If you just want cases where companies that were distributing GPL code in closed source software were prevented from doing so, the Cisco [1] and BusyBox [2] cases were both notable examples. That they were settled doesn't somehow make them a weaker "test of the GPL" - rather the companies involved didn't even attempt to argue that what they were doing was permitted. They came into line and coughed up. If you really must insist on one where the defendant dug in and the court ended up awarding damages, I don't think there have been any in the US but there has been one in France [3].
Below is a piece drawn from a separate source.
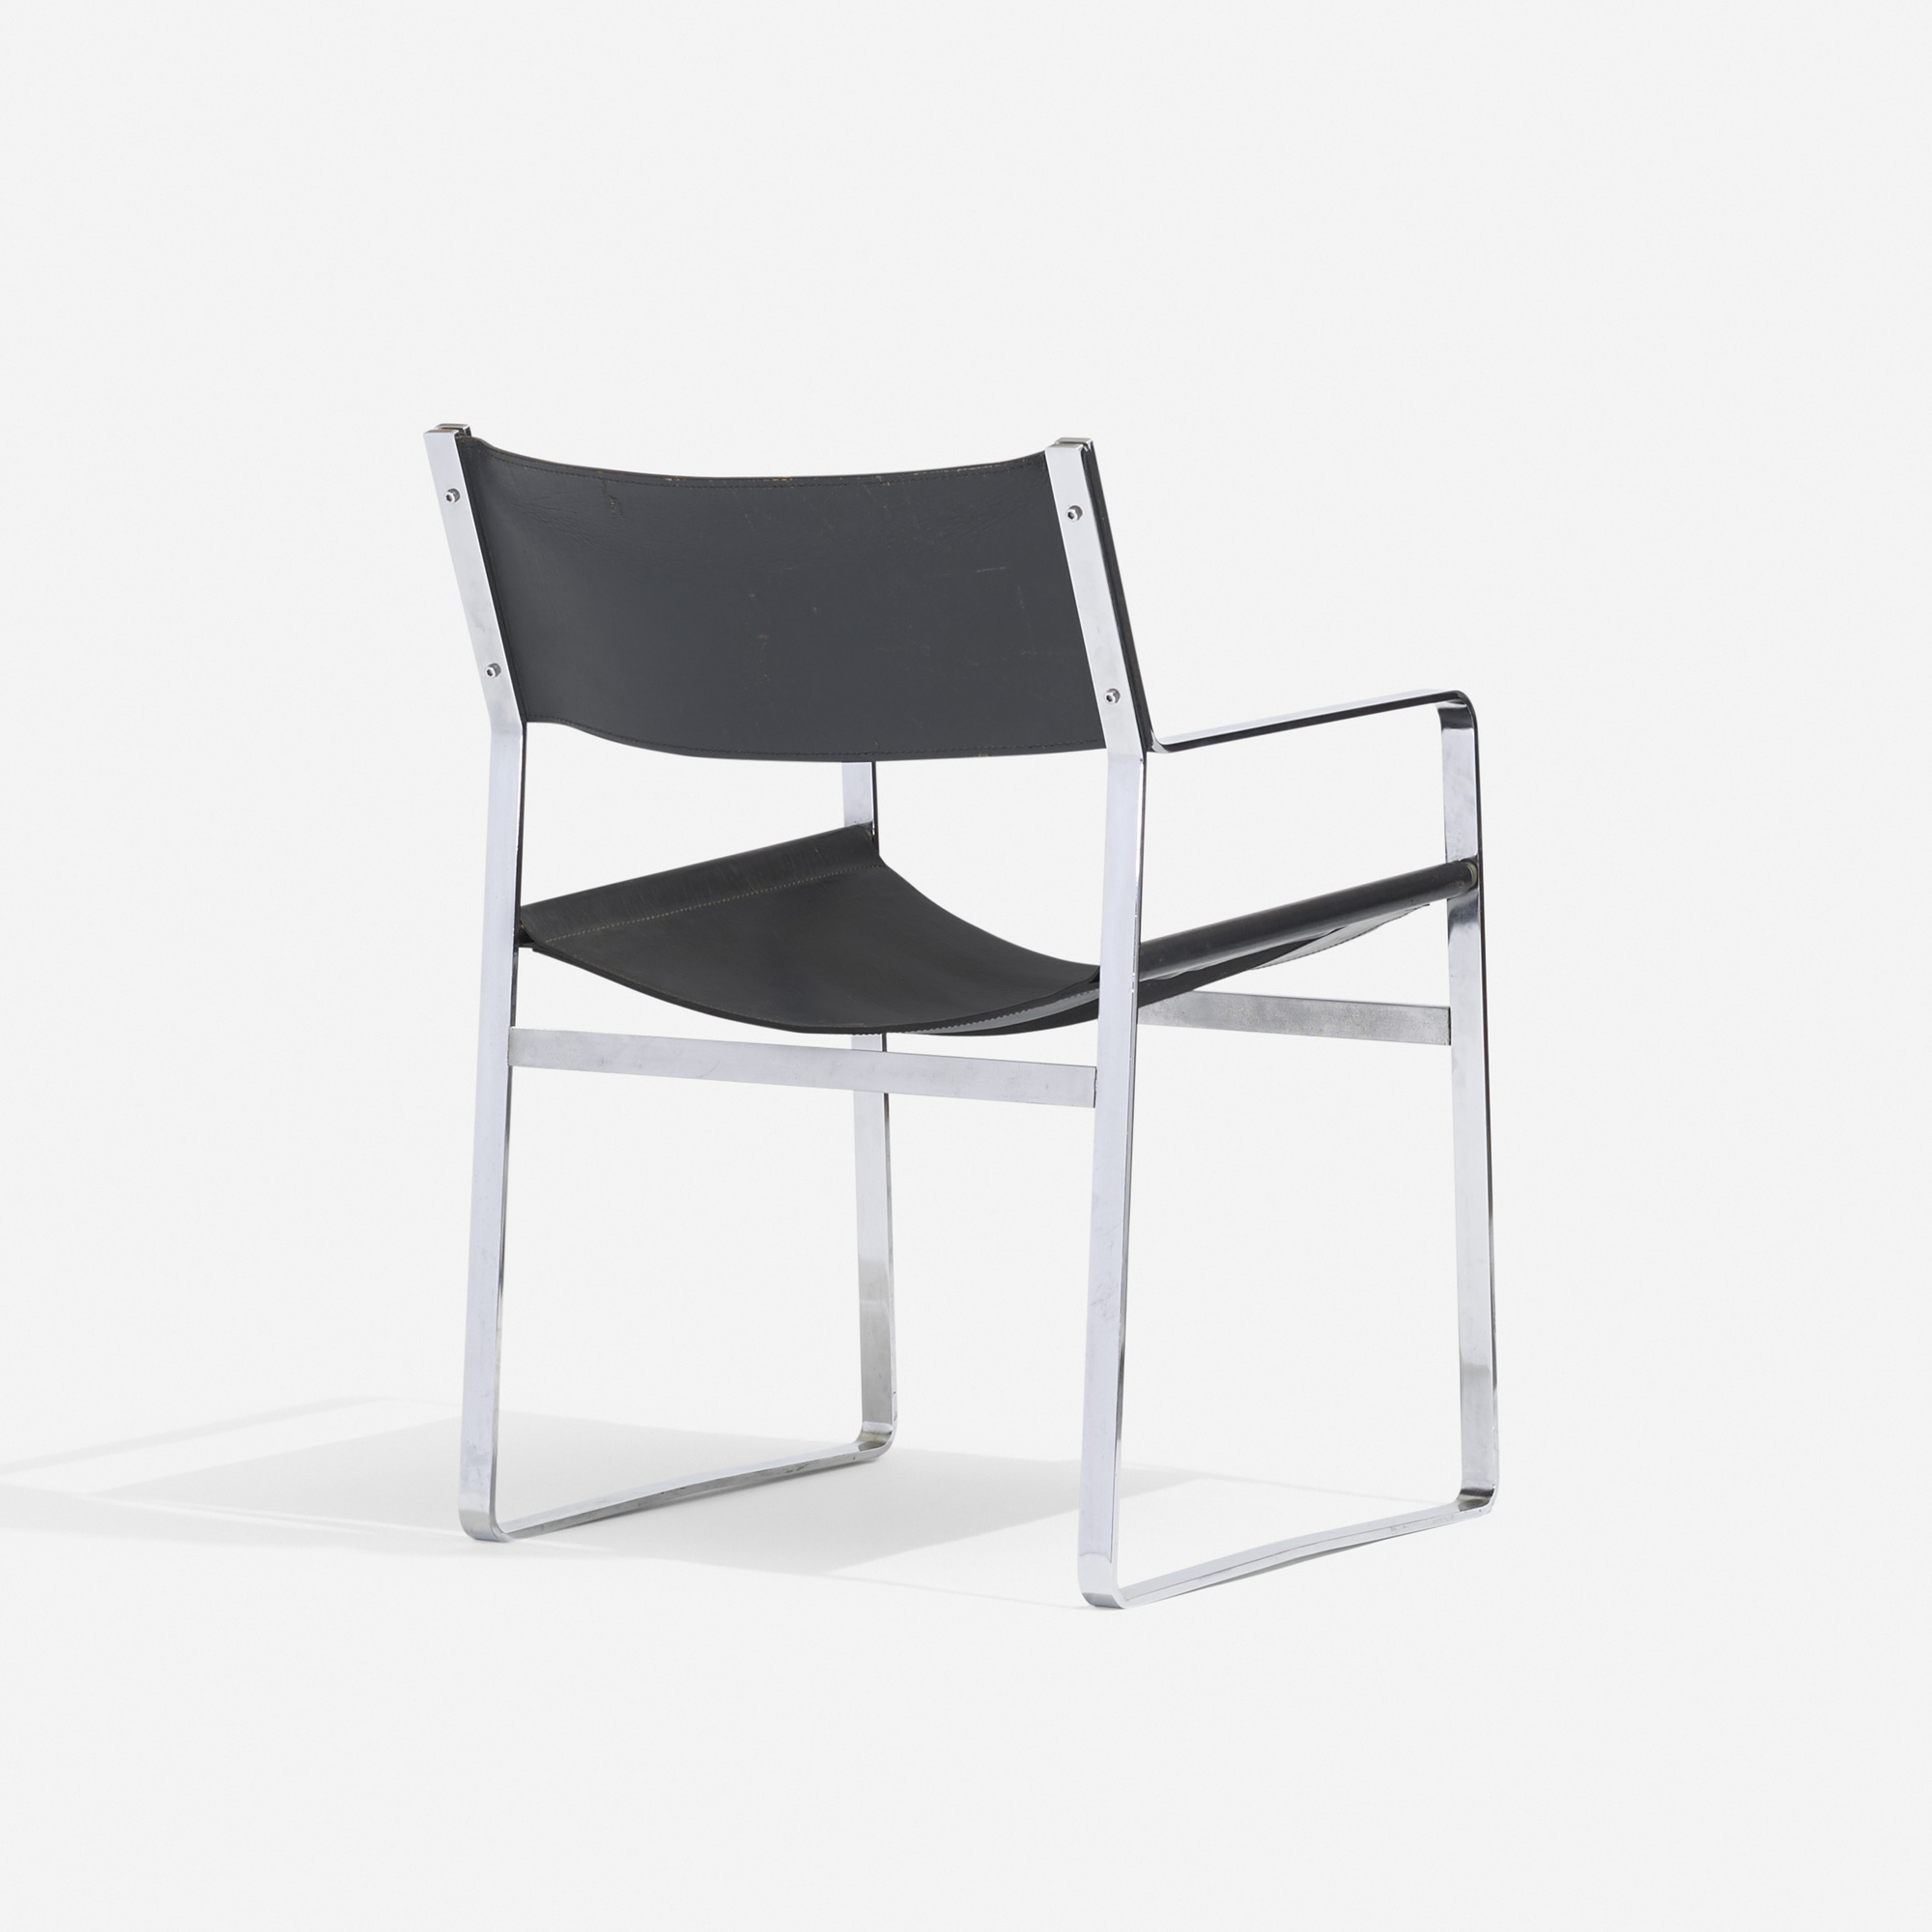 341: Hans J. Wegner / armchair, model JH812 (1 of 3)
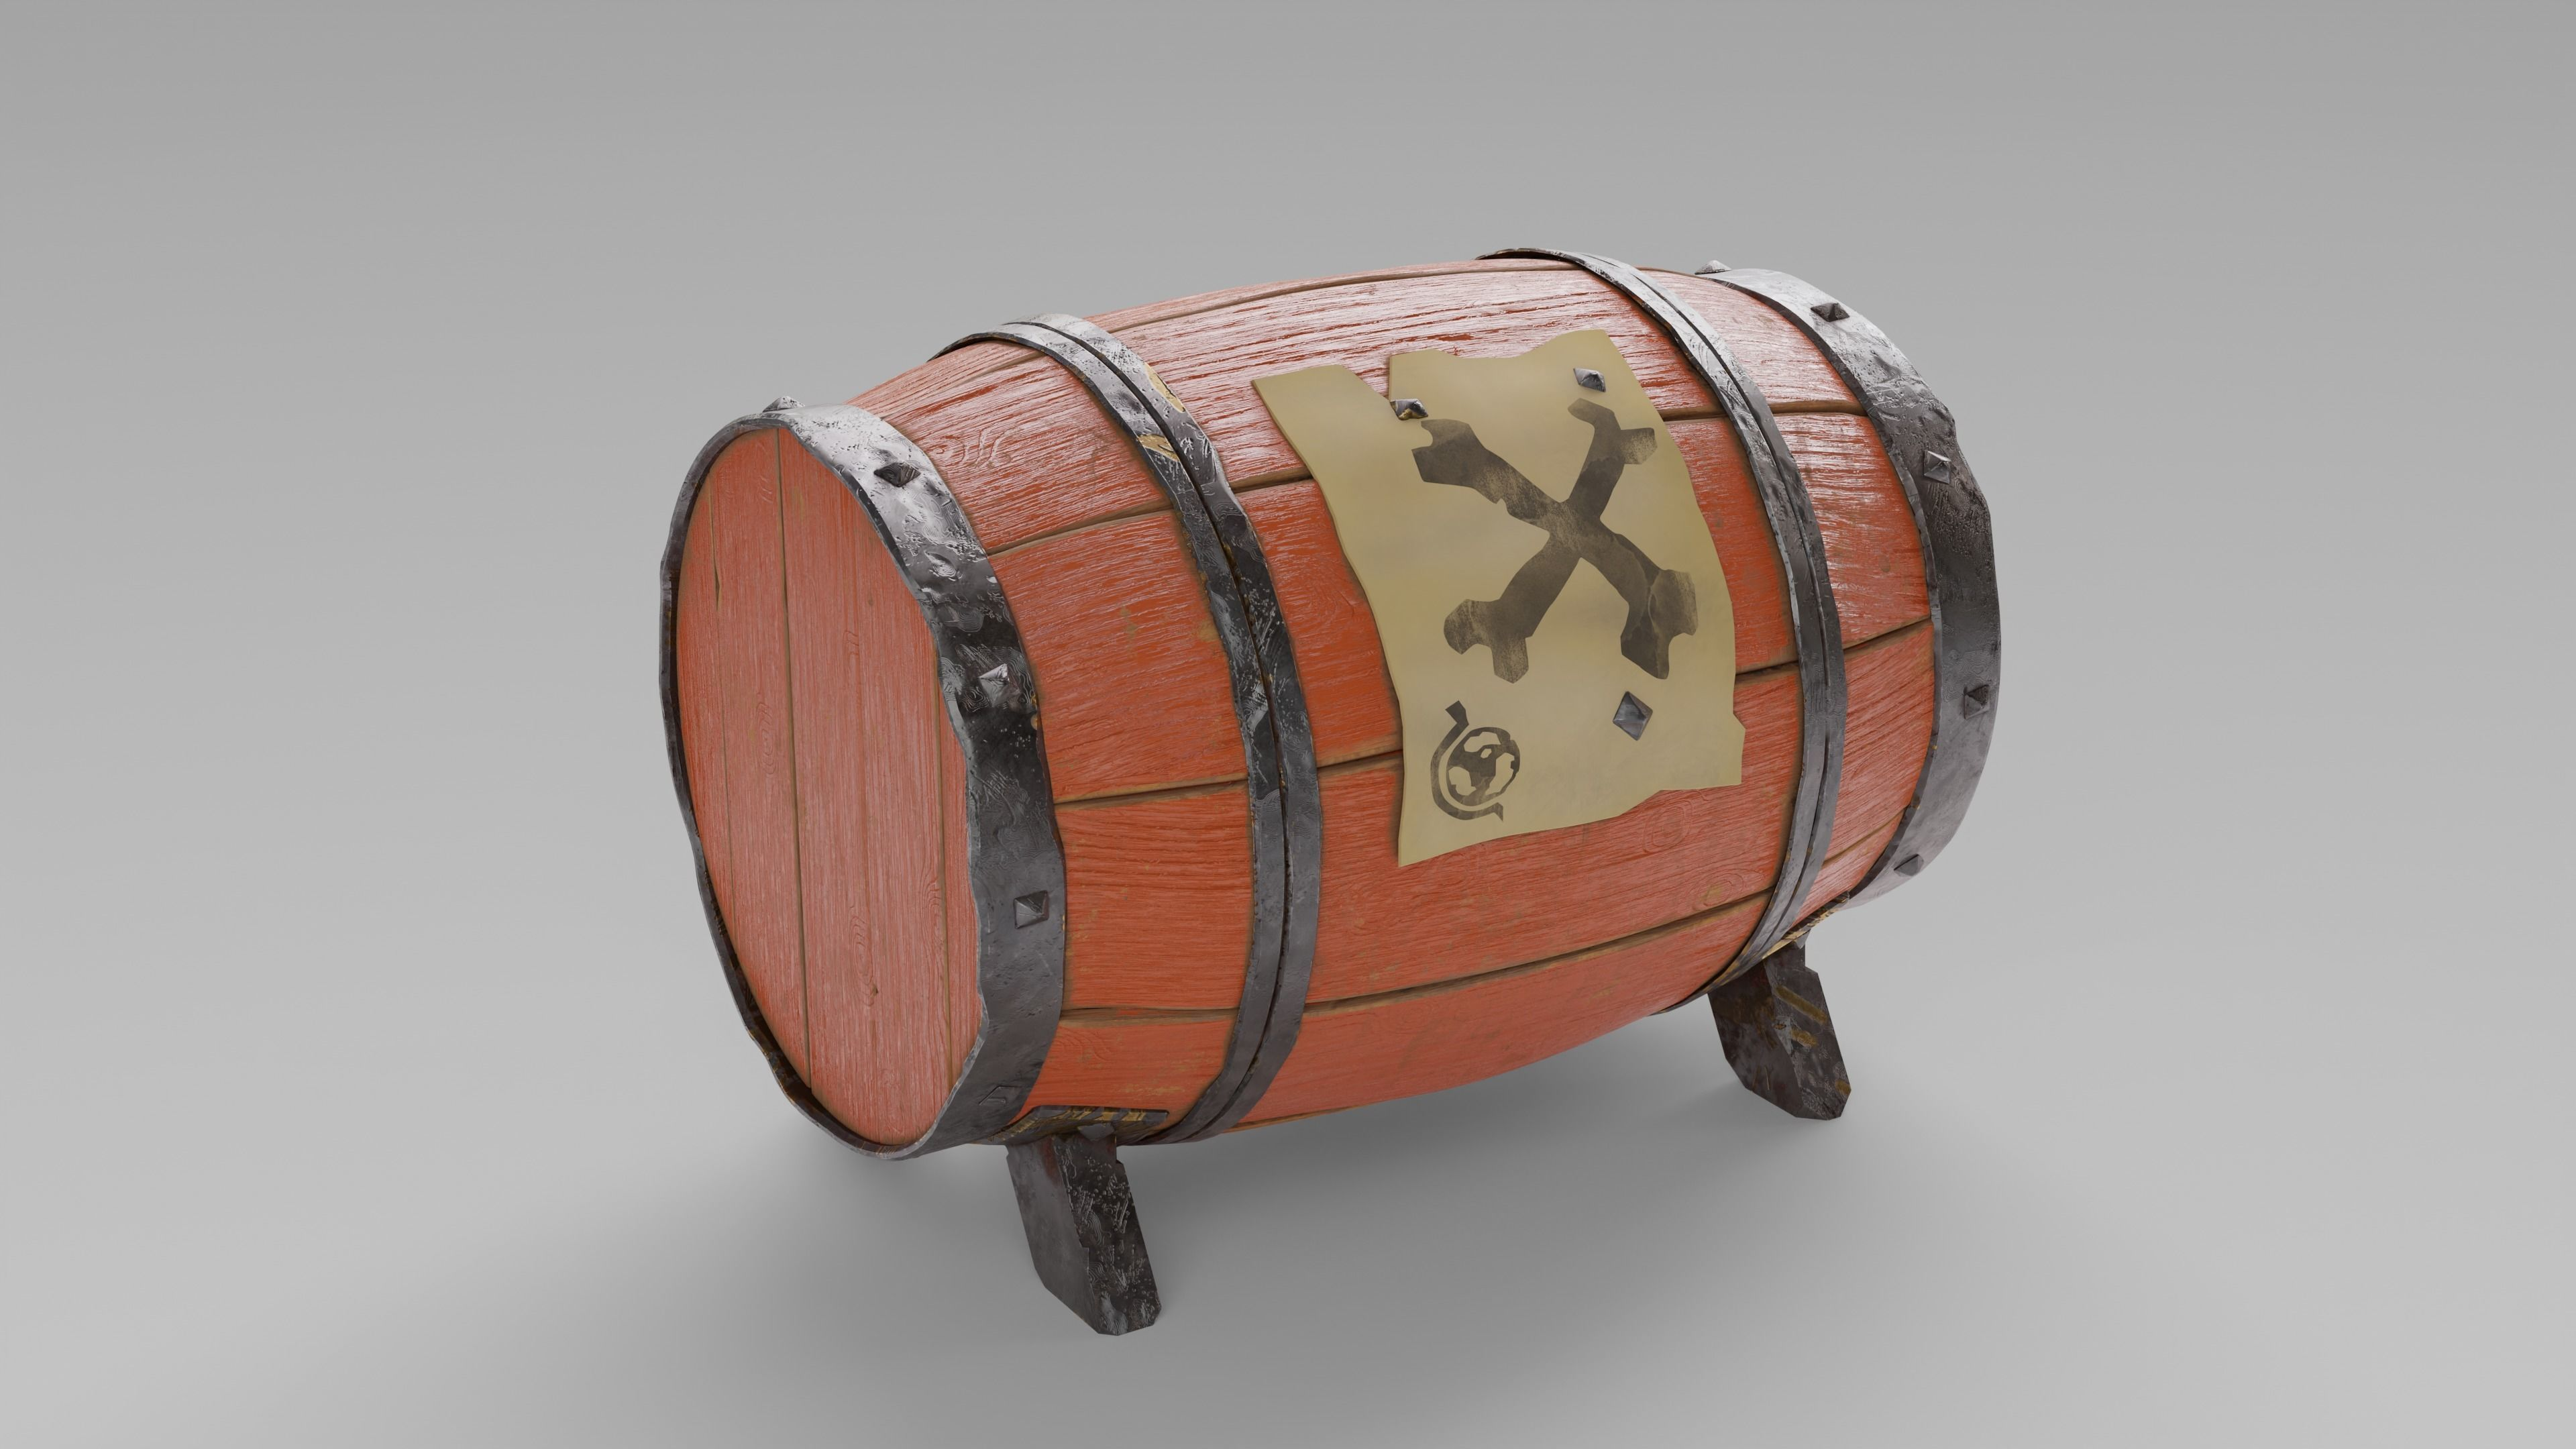 Gunpowder Barrel - The Sea of Thieves

As for "nobody was ever claiming it does", the "viral" wording has been used for as long as the GPL has been around as a scare tactic for introducing exactly that erroneous idea. Even in cases where people understand what the license says, it leads to subtle misunderstandings of the law, which is why the Free Software Foundation discourages its use. (Also, you literally said, in these exact words, "the virality causing the whole LLM model to be GPL'd".)